Science-Watching: Forecasting New Diseases in Low-Data Settings Using Transfer Learning

[from London Mathematical Laboratory]

by Kirstin Roster, Colm Connaughton & Francisco A. Rodrigues


Recent infectious disease outbreaks, such as the COVID-19 pandemic and the Zika epidemic in Brazil, have demonstrated both the importance and difficulty of accurately forecasting novel infectious diseases. When new diseases first emerge, we have little knowledge of the transmission process, the level and duration of immunity to reinfection, or other parameters required to build realistic epidemiological models. Time series forecasts and machine learning, while less reliant on assumptions about the disease, require large amounts of data that are also not available in early stages of an outbreak. In this study, we examine how knowledge of related diseases can help make predictions of new diseases in data-scarce environments using transfer learning. We implement both an empirical and a synthetic approach. Using data from Brazil, we compare how well different machine learning models transfer knowledge between two different dataset pairs: case counts of (i) dengue and Zika, and (ii) influenza and COVID-19. In the synthetic analysis, we generate data with an SIR model using different transmission and recovery rates, and then compare the effectiveness of different transfer learning methods. We find that transfer learning offers the potential to improve predictions, even beyond a model based on data from the target disease, though the appropriate source disease must be chosen carefully. While imperfect, these models offer an additional input for decision makers for pandemic response.


Epidemic models can be divided into two broad categories: data-driven models aim to fit an epidemic curve to past data in order to make predictions about the future; mechanistic models simulate scenarios based on different underlying assumptions, such as varying contact rates or vaccine effectiveness. Both model types aid in the public health response: forecasts serve as an early warning system of an outbreak in the near future, while mechanistic models help us better understand the causes of spread and potential remedial interventions to prevent further infections. Many different data-driven and mechanistic models were proposed during the early stages of the COVID-19 pandemic and informed decision-making with varying levels of success. This range of predictive performance underscores both the difficulty and importance of epidemic forecasting, especially early in an outbreak. Yet the COVID-19 pandemic also led to unprecedented levels of data-sharing and collaboration across disciplines, so that several novel approaches to epidemic forecasting continue to be explored, including models that incorporate machine learning and real-time big data data streams. In addition to the COVID-19 pandemic, recent infectious disease outbreaks include Zika virus in Brazil in 2015, Ebola virus in West Africa in 2014–16, Middle East respiratory syndrome (MERS) in 2012, and coronavirus associated with severe acute respiratory syndrome (SARS-CoV) in 2003. This trajectory suggests that further improvements to epidemic forecasting will be important for global public health. Exploring the value of new methodologies can help broaden the modeler’s toolkit to prepare for the next outbreak. In this study, we consider the role of transfer learning for pandemic response.
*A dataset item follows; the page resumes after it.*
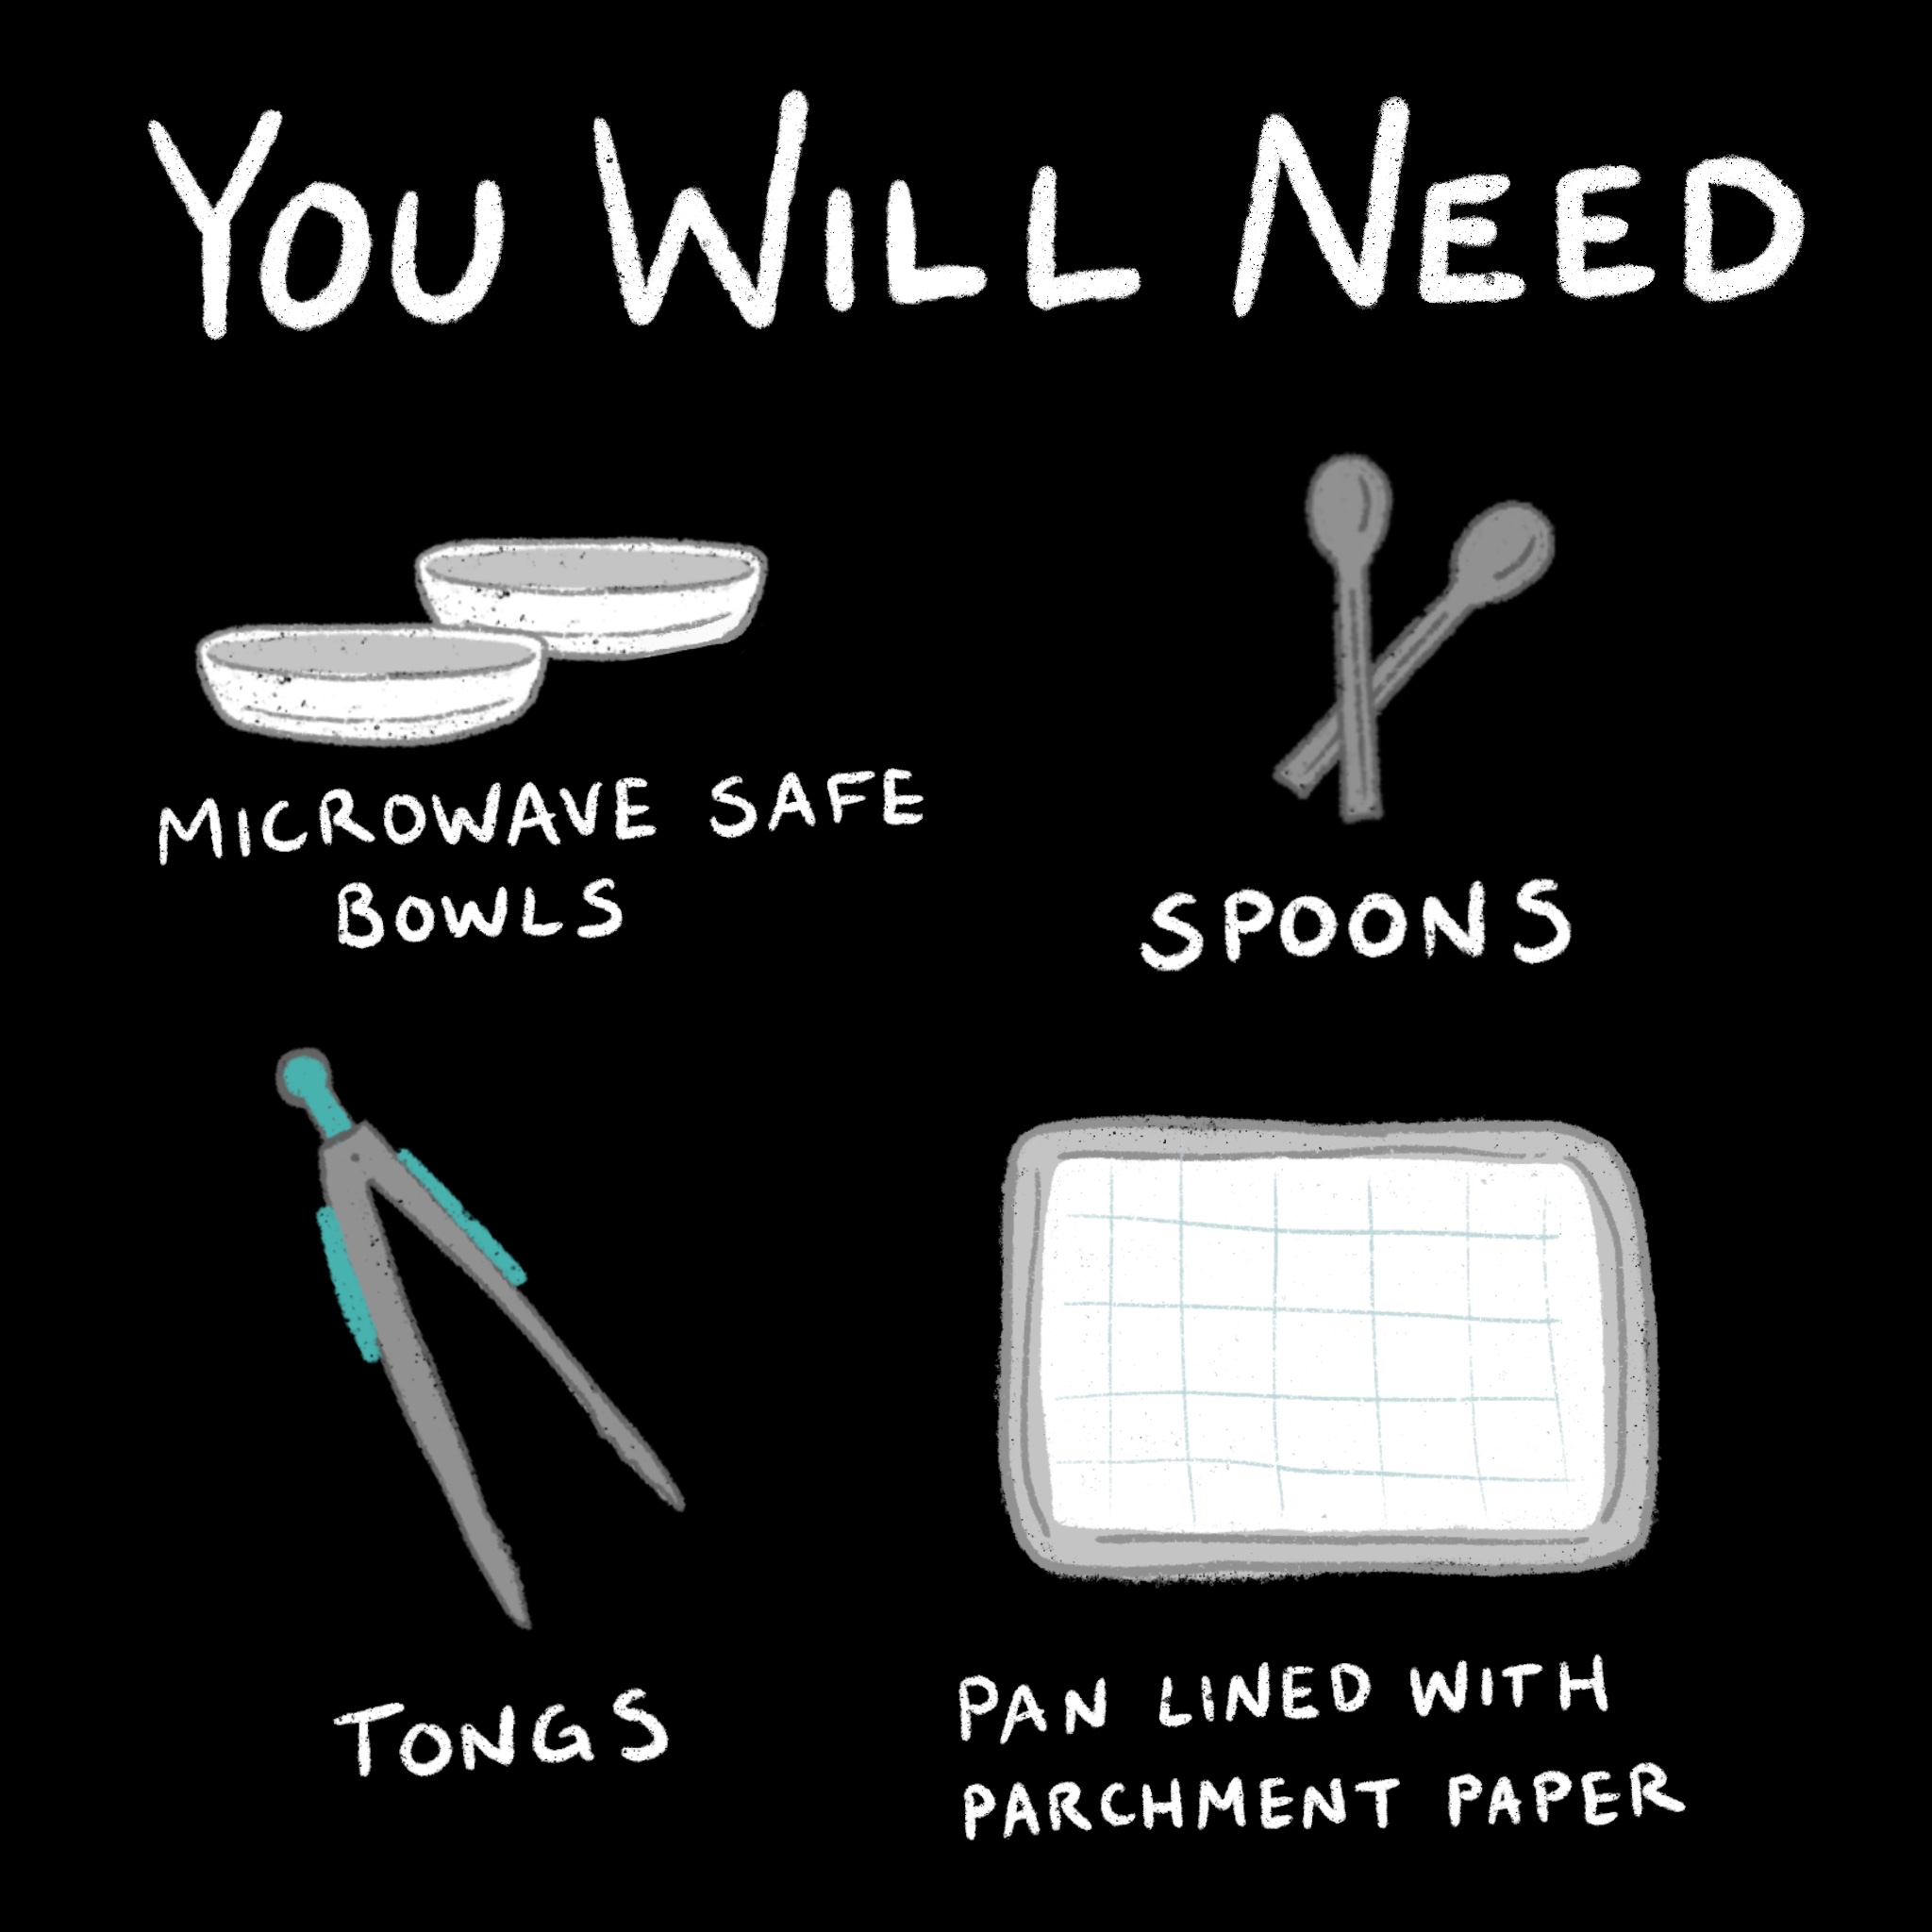  microwave safe bowls, spoons, tongs, pan lined with parchment paper

Transfer learning refers to a collection of techniques that apply knowledge from one prediction problem to solve another, often using machine learning and with many recent applications in domains such as computer vision and natural language processing. Transfer learning leverages a model trained to execute a particular task in a particular domain, in order to perform a different task or extrapolate to a different domain. This allows the model to learn the new task with less data than would normally be required, and is therefore well-suited to data-scarce prediction problems. The underlying idea is that skills developed in one task, for example the features that are relevant to recognize human faces in images, may be useful in other situations, such as classification of emotions from facial expressions. Similarly, there may be shared features in the patterns of observed cases among similar diseases.

The value of transfer learning for the study of infectious diseases is relatively under-explored. The majority of existing studies on diseases remain in the domain of computer vision and leverage pre-trained neural networks to make diagnoses from medical images, such as retinal diseases, dental diseases, or COVID-19. Coelho and colleagues (2020) explore the potential of transfer learning for disease forecasts. They train a Long Short-Term Memory (LSTM) neural network on dengue fever time series and make forecasts directly for two other mosquito-borne diseases, Zika and Chikungunya, in two Brazilian cities. Even without any data on the two target diseases, their model achieves high prediction accuracy four weeks ahead. Gautam (2021) uses COVID-19 data from Italy and the USA to build an LSTM transfer model that predicts COVID-19 cases in countries that experienced a later pandemic onset.

These studies provide empirical evidence that transfer learning may be a valuable tool for epidemic forecasting in low-data situations, though research is still limited. In this study, we aim to contribute to this empirical literature not only by comparing different types of knowledge transfer and forecasting algorithms, but also by considering two different pairs of endemic and novel diseases observed in Brazilian cities, specifically (i) dengue and Zika, and (ii) influenza and COVID-19. With an additional analysis on simulated time series, we hope to provide theoretical guidance on the selection of appropriate disease pairs, by better understanding how different characteristics of the source and target diseases affect the viability of transfer learning.

Zika and COVID-19 are two recent examples of novel emerging diseases. Brazil experienced a Zika epidemic in 2015–16 and the WHO declared a public health emergency of global concern in February 2016. Zika is caused by an arbovirus spread primarily by mosquitoes, though other transmission methods, including congenital and sexual have also been observed. Zika belongs to the family of viral hemorrhagic fevers and symptoms of infection share some commonalities with other mosquito-borne arboviruses, such as yellow fever, dengue fever, or chikungunya. Illness tends to be asymptomatic or mild but can lead to complications, including microcephaly and other brain defects in the case of congenital transmission.

Given the similarity of the pathogen and primary transmission route, dengue fever is an appropriate choice of source disease for Zika forecasting. Not only does the shared mosquito vector result in similar seasonal patterns of annual outbreaks, but consistent, geographically and temporally granular data on dengue cases is available publicly via the open data initiative of the Brazilian government.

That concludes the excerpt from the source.